The SolarWinds case is “a watershed moment in the SEC enforcement programme in terms of cybersecurity”, said Jennifer Lee, former assistant director in the SEC’s enforcement division, which is conducting the inquiry, and now a partner at Jenner & Block LLP.
The commission has become “very aggressive” in scrutinising public companies’ disclosures after a data breach “and now, with SolarWinds, is turning its focus to a company’s public statements made before a cybersecurity incident”, said Lee, who predicts the lawsuit could be a sign of future cases.
A spokesperson for the SEC declined to comment.
Legal test
In the historic cyberattack, malicious code was installed in software updates. SolarWinds’ Orion software was one of the products the hackers weaponised to spread digital havoc among nine federal agencies and about 100 companies, including such names as networking gear maker Cisco Systems Inc and cybersecurity firm FireEye Inc, now known as Mandiant Inc. It isn’t clear whether the two are among the companies that have received information requests from the SEC.

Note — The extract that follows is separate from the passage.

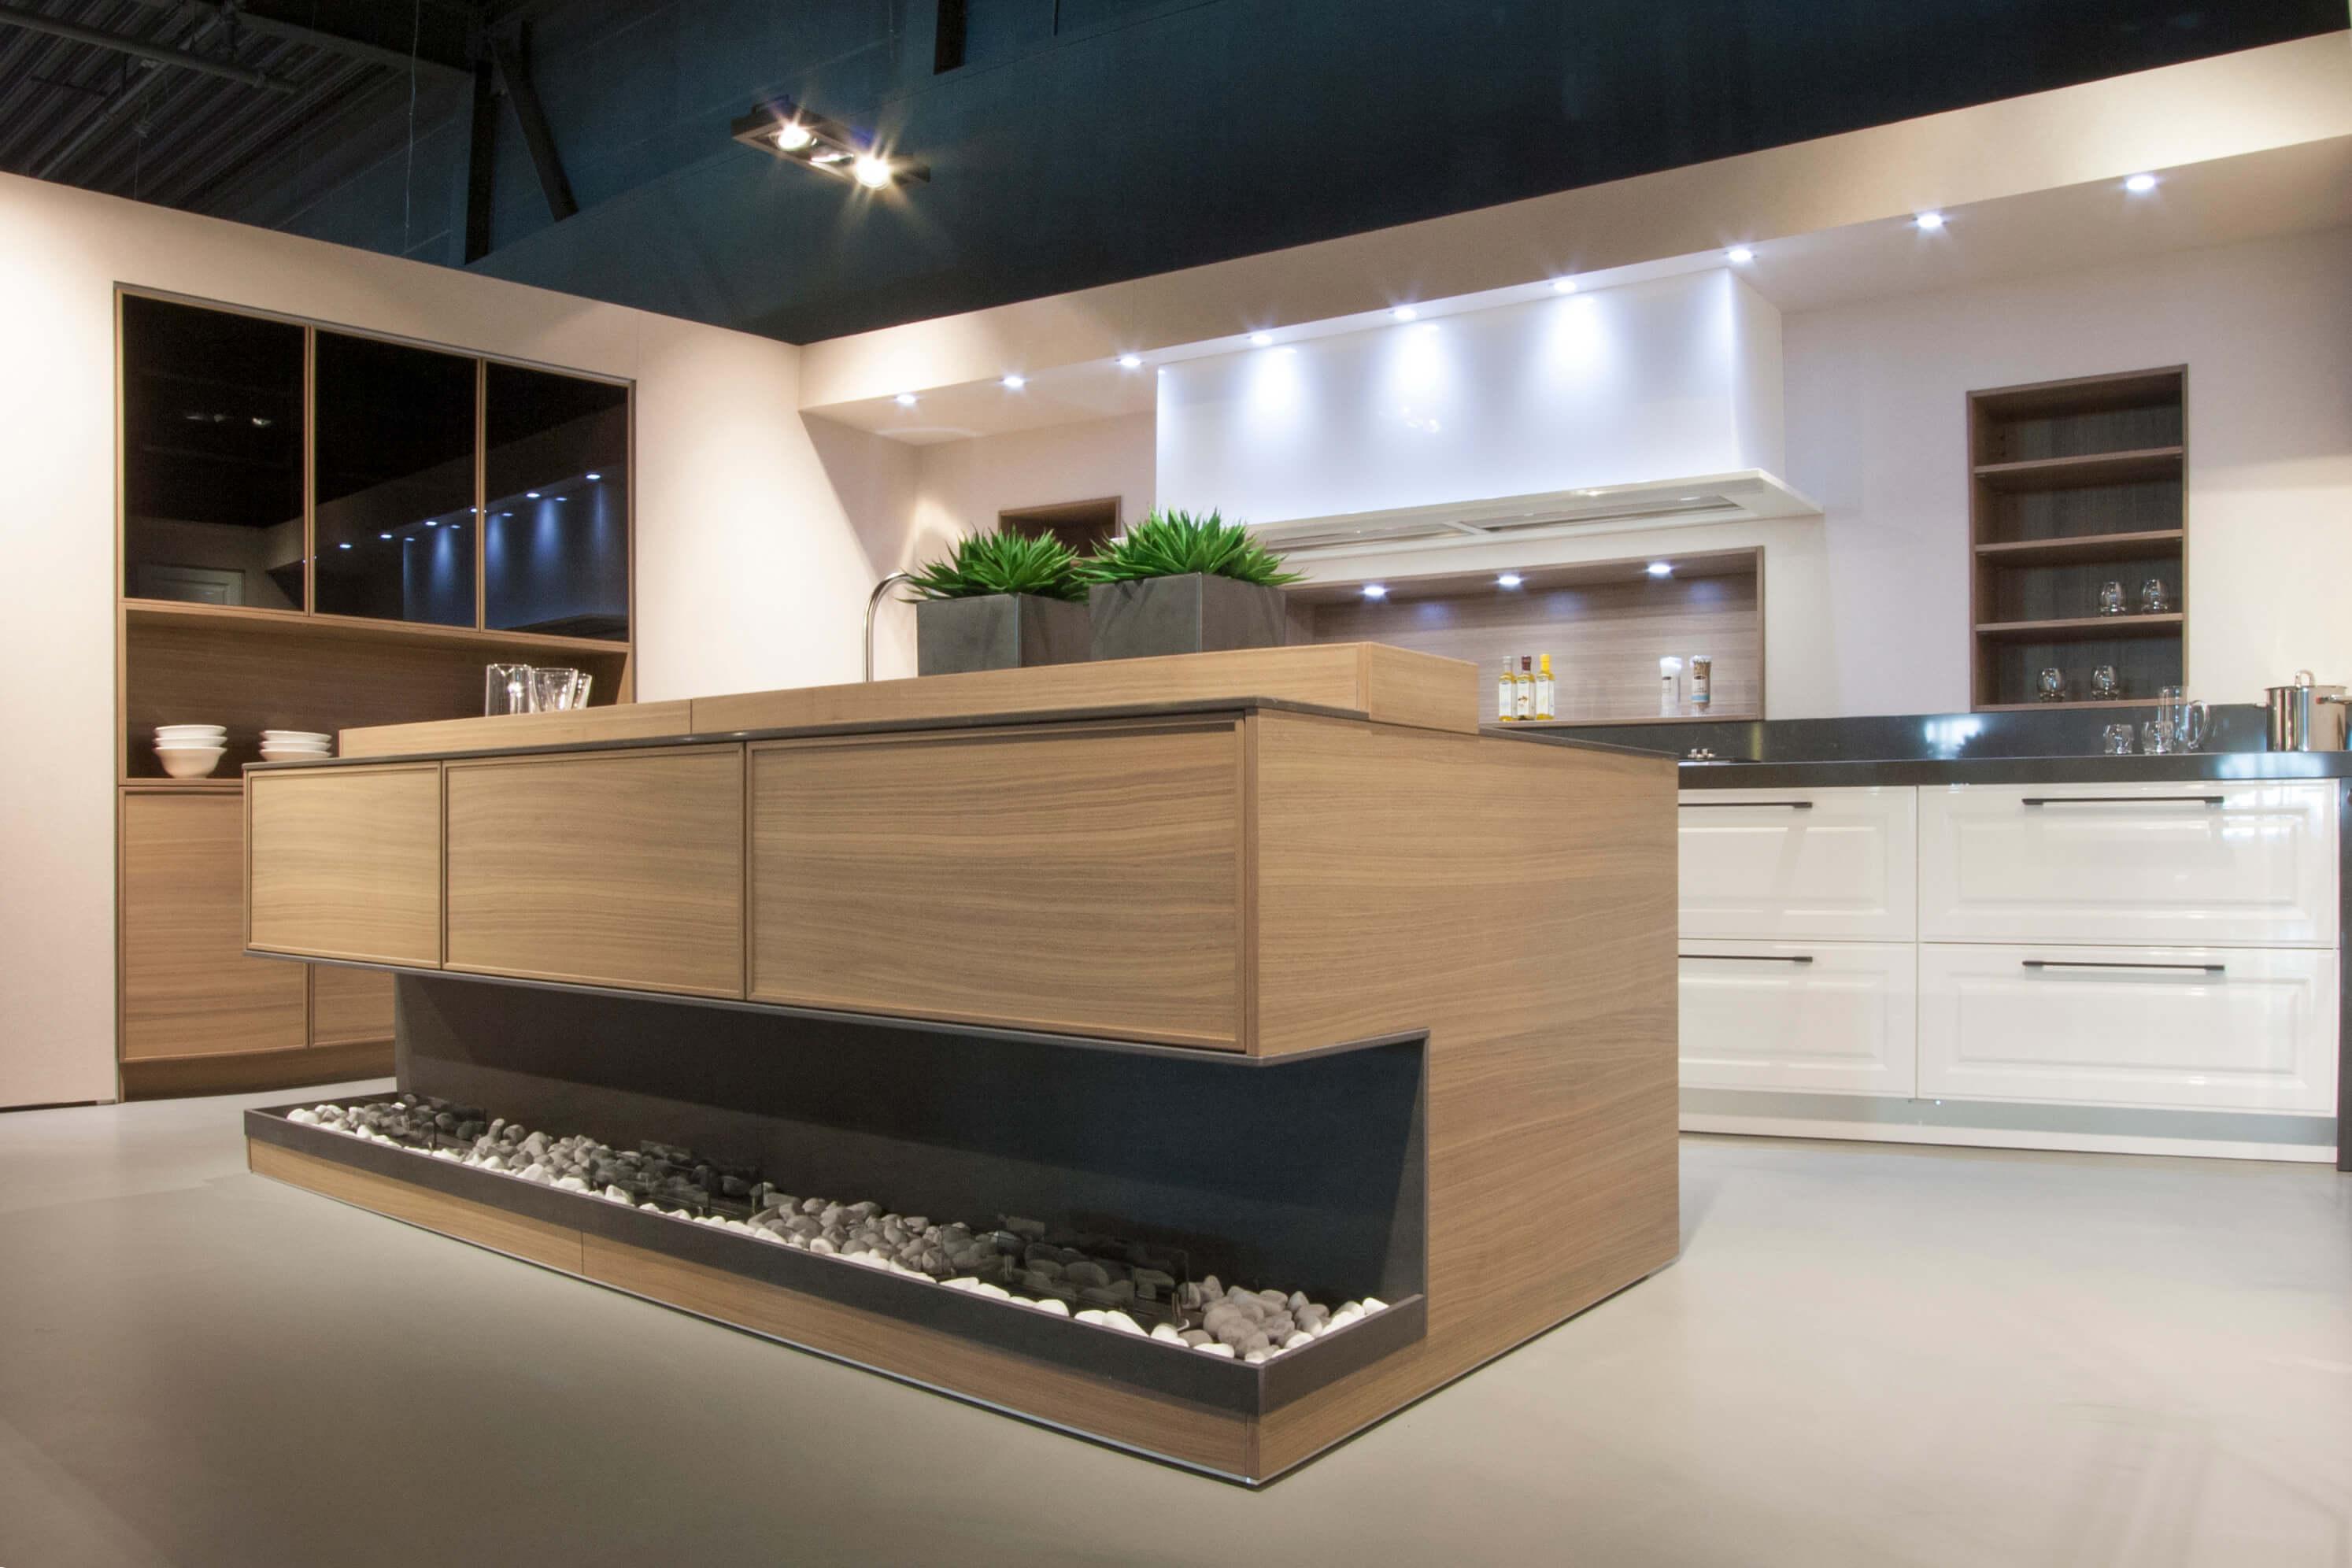 Moderne keukens showroommodel bij poggenpohl - Foto keuken amenagee ...

Lawyers say the suit may be the first legal test of one of the SEC’s tools: what Congress intended when it required that public companies maintain certain “internal accounting controls” half a century ago to ward off bribery of foreign officials. The business trade groups say the agency has distorted the law by applying it to a corporate victim of cybercrime and effectively dropping “accounting” from the equation.
“The outcome of this litigation will affect every public company,” Nicole Friedlander, a lawyer for the groups, said in a statement. “For the first time, the SEC asserts the power to penalise companies for alleged failures of controls over access to anything a company owns, not limited to balance sheet assets.”
Serrin Turner, a lawyer for SolarWinds, said the case was as “unfounded as it was unprecedented”.
“The business community has called for this case to be dismissed because the SEC is trying to expand cybersecurity disclosure obligations well beyond what the law requires,” he said in a statement.
From the commission’s standpoint, cybersecurity controls are internal accounting controls, because they are meant to protect corporate assets, which the agency says SolarWinds failed to do. SEC’s Enforcement Director Gurbir Grewal said at a conference this month that there is a disconnect between what SolarWinds said publicly and what executives said internally.
‘Swiss Army statute’
In the wake of the assault, the SEC wrote to a wide range of companies it believed were affected, to determine whether they had made appropriate disclosures to investors, if there was suspicious trading related to the cyberassault and whether private data had been compromised.
The letter came from the enforcement division, which is responsible for investigating and punishing companies, but to encourage cooperation the agency signaled it wouldn’t penalise those that shared data voluntarily.
The lawsuit, filed two years later, sparked a furor in the cybersecurity industry, as some argued it could deter future cooperation with the government. Grewal countered that view at the Securities Industry and Financial Markets Association conference.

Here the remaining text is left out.